Try it — Find every line in the listing below that includes the word "Frozen", then give only how many there are.

Material to process —
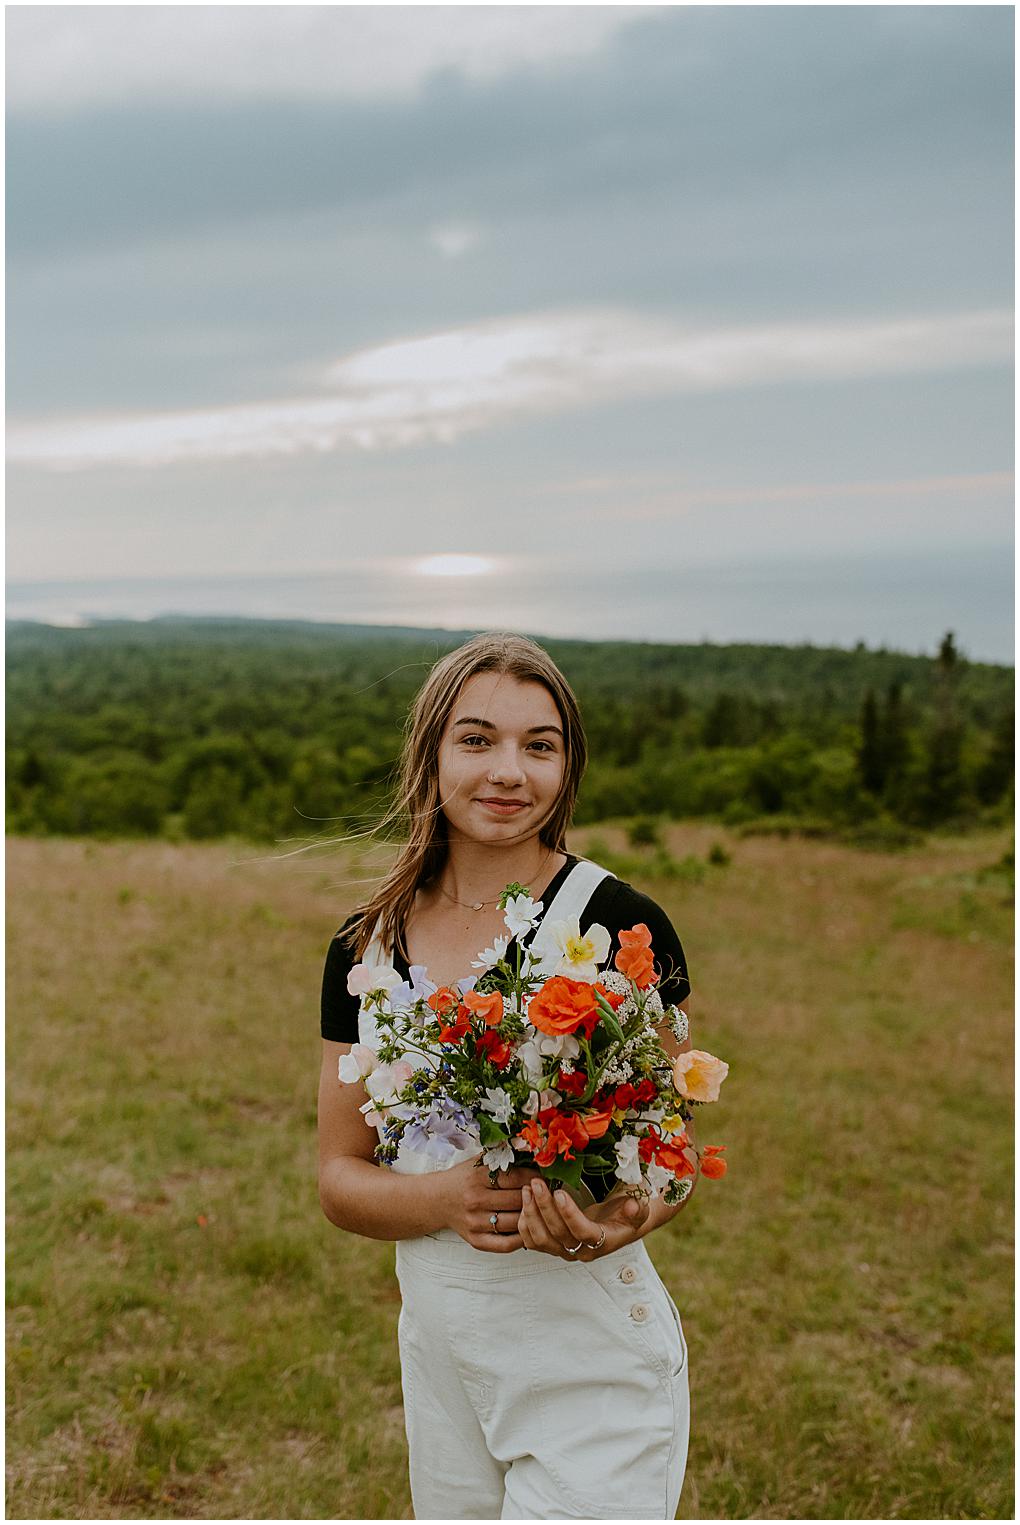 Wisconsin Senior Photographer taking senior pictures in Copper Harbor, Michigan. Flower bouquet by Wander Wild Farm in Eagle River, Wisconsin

* * *

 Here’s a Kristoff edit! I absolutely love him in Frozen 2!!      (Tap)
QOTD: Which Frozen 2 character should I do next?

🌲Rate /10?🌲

==

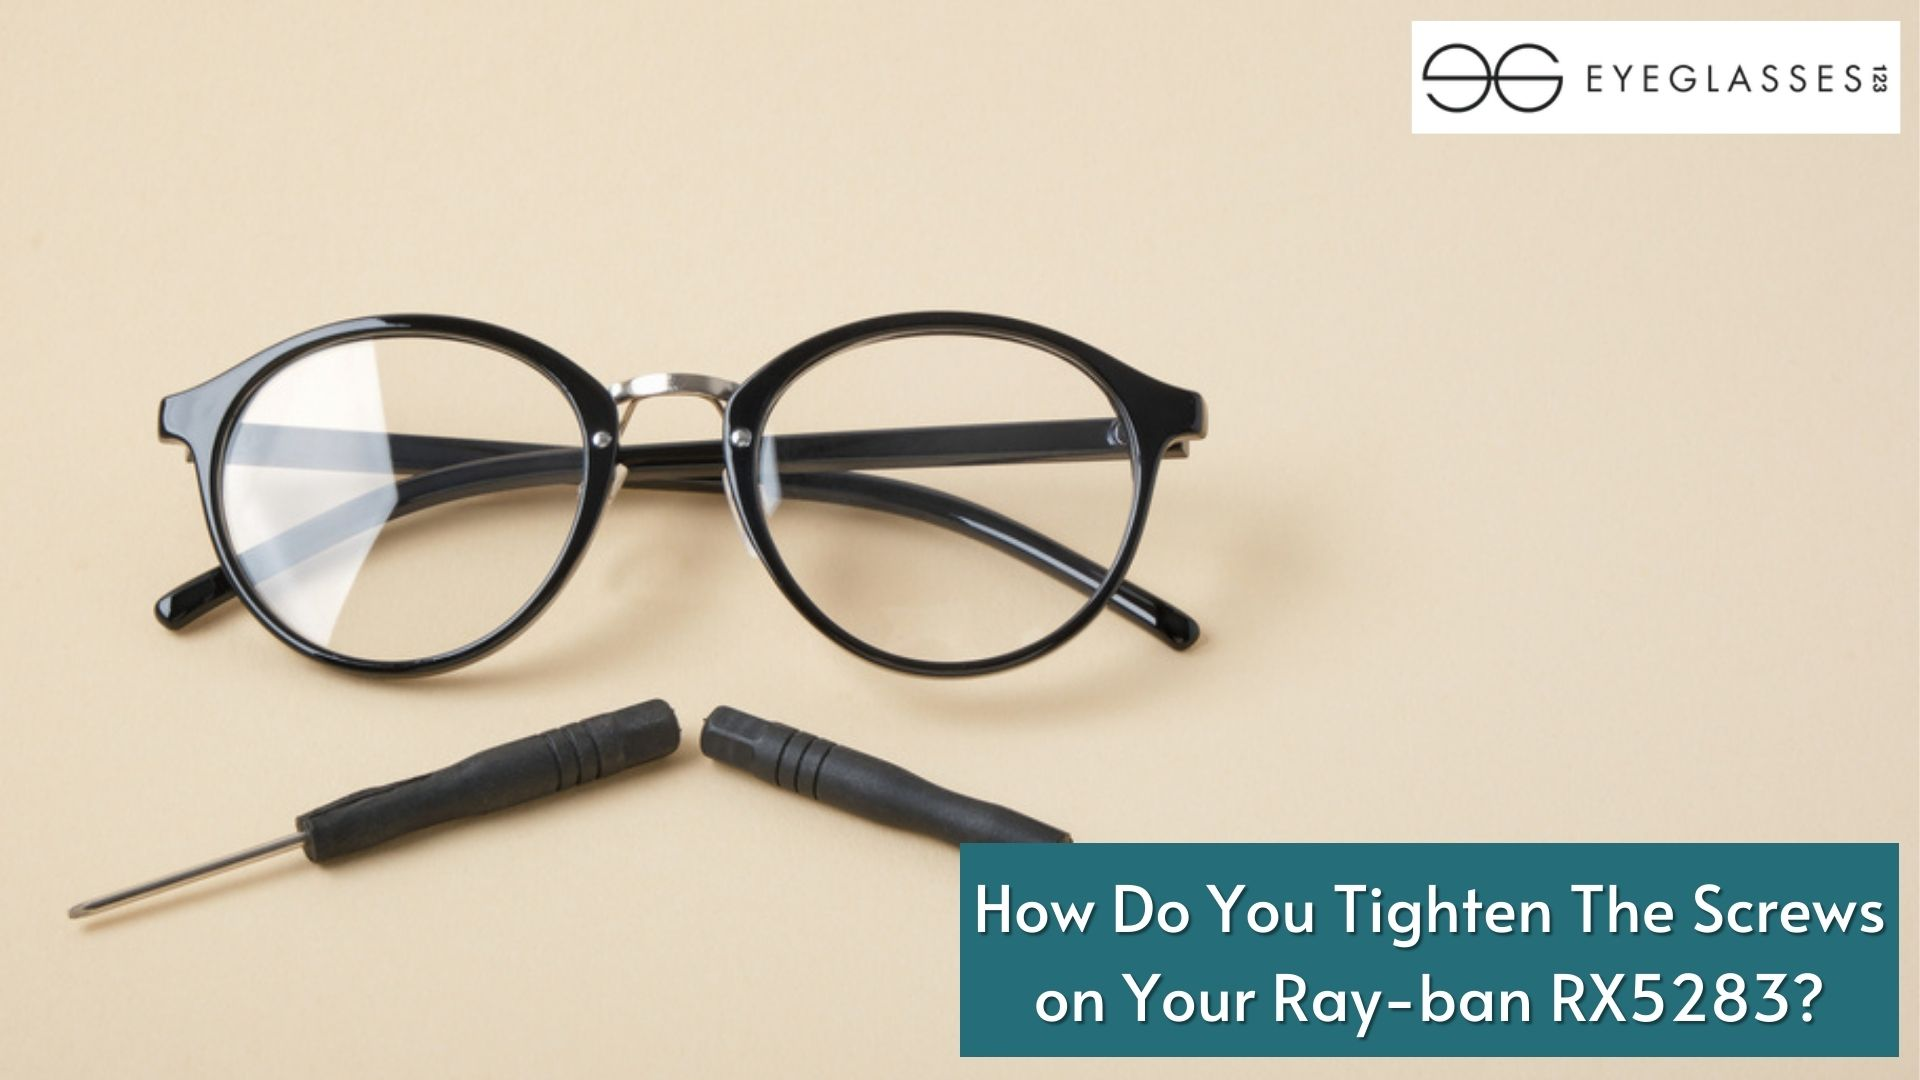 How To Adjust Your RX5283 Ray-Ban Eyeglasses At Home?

Exercise output — 2